The board must also be prepared to select an interim CEO.  The playbook may include one or more options for interim leadership, likely chosen from among the directors and top executives.  Having several options would allow for a circumstance-specific determination based on the needs of the enterprise at the moment at which the succession crisis occurs.  Additional factors to consider would include the anticipated duration of the interim CEO’s tenure and the viability of one or more of the candidates as the permanent new CEO if needed.  If there is no natural candidate to be interim CEO, it may be appropriate for the board to appoint an office of the CEO to support the interim leader selected.  The board may also wish to take into account the cause of the crisis; it is not inconceivable that a criminal indictment, personal indiscretions, or a medical emergency might, at the margins, point in favor of different choices for the interim leader to reassure stakeholders that the enterprise remains in good hands.  It is important to note that, if properly handled, an interim CEO who is also a director can regain the designation of “independent” when his or her term as interim CEO is complete.

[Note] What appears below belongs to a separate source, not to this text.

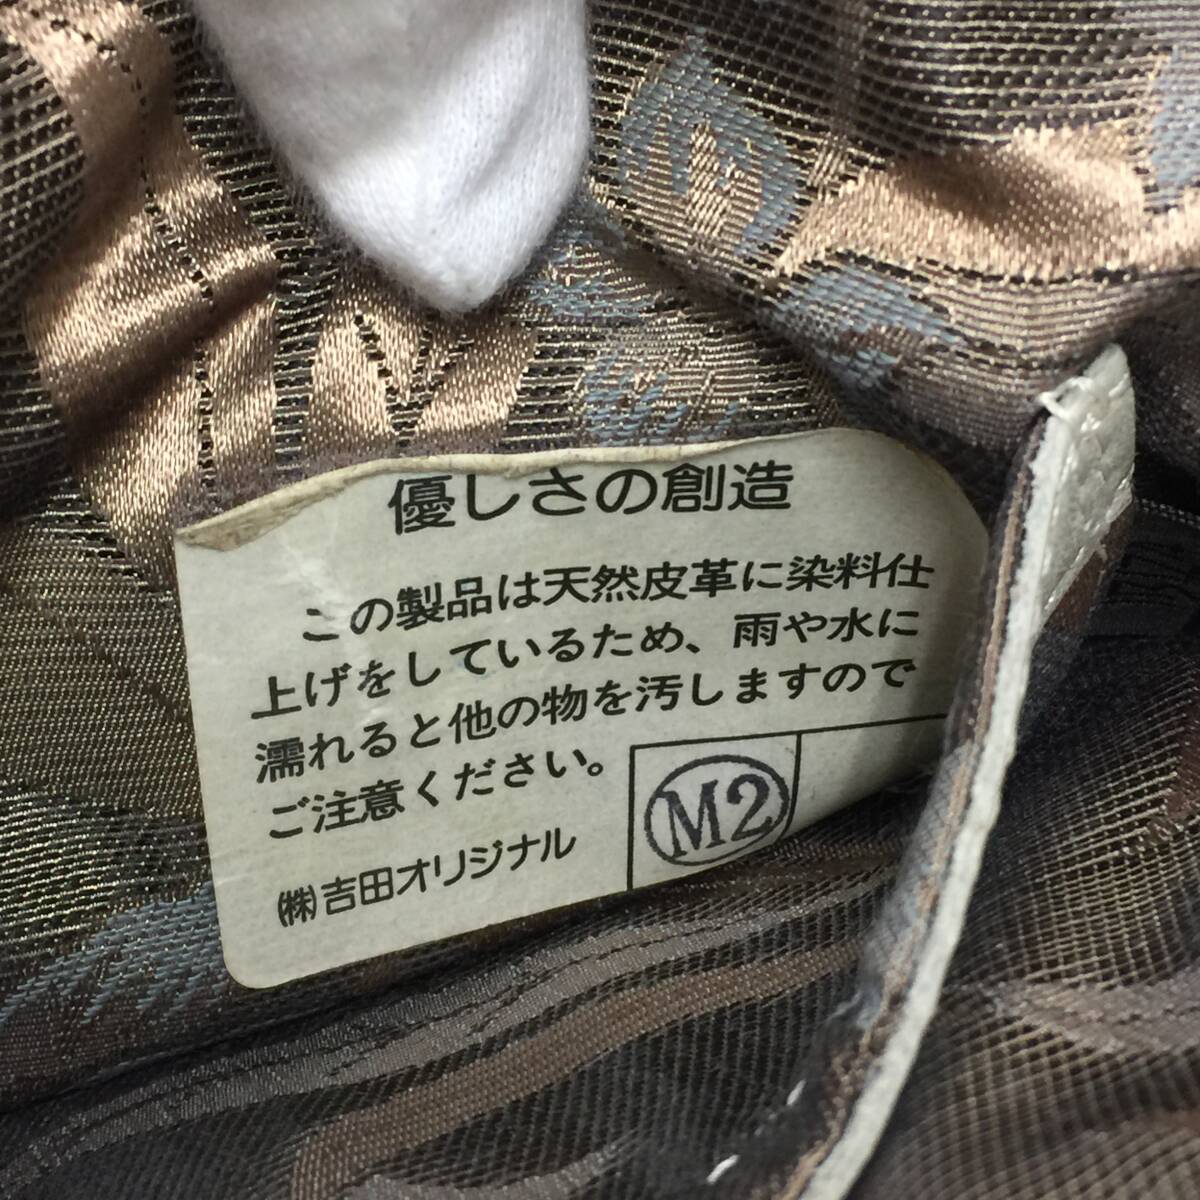 112 IBIZA イビザ レザー ショルダーバッグ ポシェット タッセル 縦型 本革 皮革 鞄 バッグ かばん レディース ライトグレー系の画像10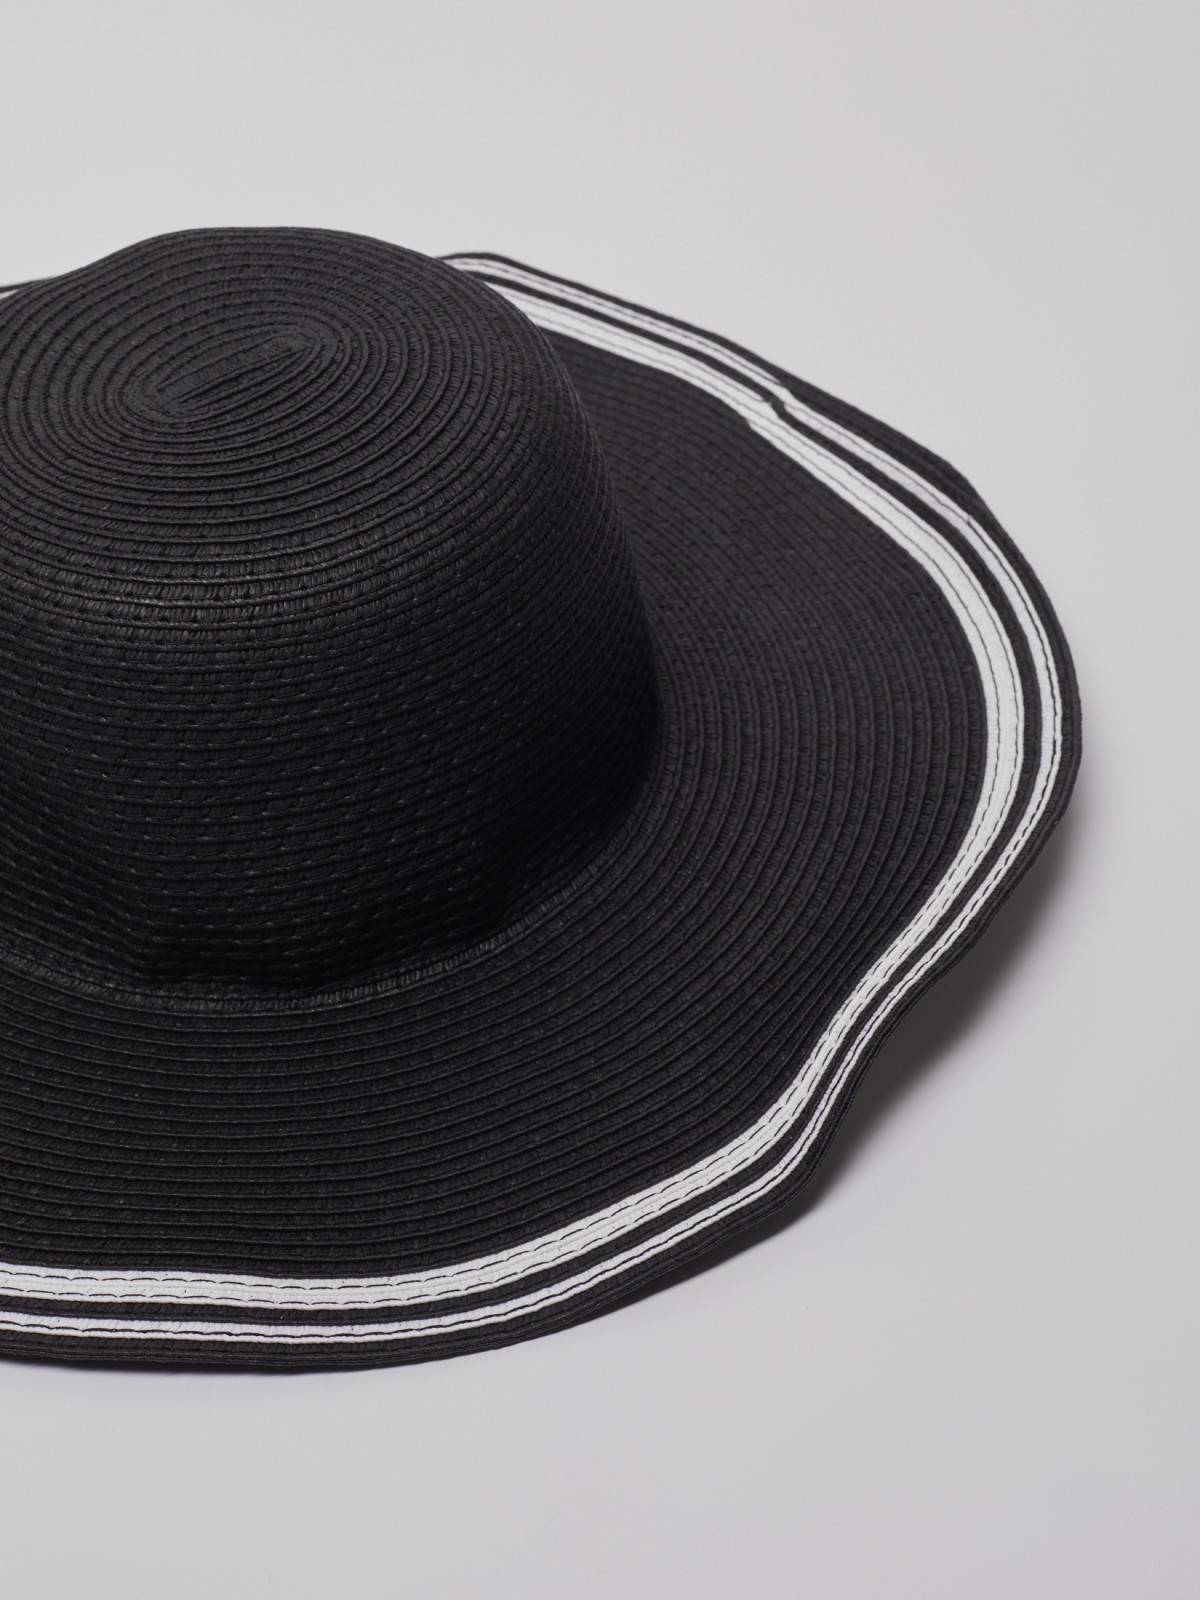 Шляпа, кепка zolla 222239F59165, цвет черный, размер 54-58 - фото 2

It will be helpful to consider in advance whether replacing the CEO would trigger other legal obligations such as “key man” provisions in employment contracts, or consequences to other executive employment contracts of shifts in responsibilities due to the emergency succession, and to draft any needed amendments to these contracts.  It also may be helpful to consider in advance the compensation arrangements for the interim CEO.  In the event that the original CEO’s absence or incapacity shifts from temporary to permanent, the playbook should include a protocol for when and how to begin the implementation of a longer-term succession plan.

 

 Public Statements and Filings

There are a number of documents that can be prepared for the event of an unexpected CEO transition.  At minimum, the playbook should contain a draft 8-K, a draft press release, and a draft stock exchange filing if needed.  The playbook also may contain a crisis communications protocol for this situation, including a plan for who will lead the crisis communications team.  There can be a plan for how the news will be communicated, both internally at various levels of the organization, and externally to key investors, regulators, and other stakeholders such as strategic partners or major customers and suppliers.  Having a plan for when and how this outreach will occur, and in what order, and by which contact points, will be very helpful in the moment of crisis.  External public relations/investor relations firms can be invaluable in considering various scenarios and advance planning.  Draft scripts can be prepared for key people such as the board chair, the interim CEO, and certain members of management.  In the heat of the moment, everyone who is aware of the emergency CEO transition should be reminded that until the information about the situation is publicly disclosed, it is material non-public information and, per Regulation FD, must not be selectively disclosed until a public announcement is made.

A crisis of leadership is likely to reveal an organization’s strengths and weaknesses, information which ultimately can be used to create a stronger and more resilient enterprise.  In the aftermath of an unexpected CEO transition, planning for the next such emergency with the knowledge gained in the last one will enable directors and executives to be more effective if the need should again arise.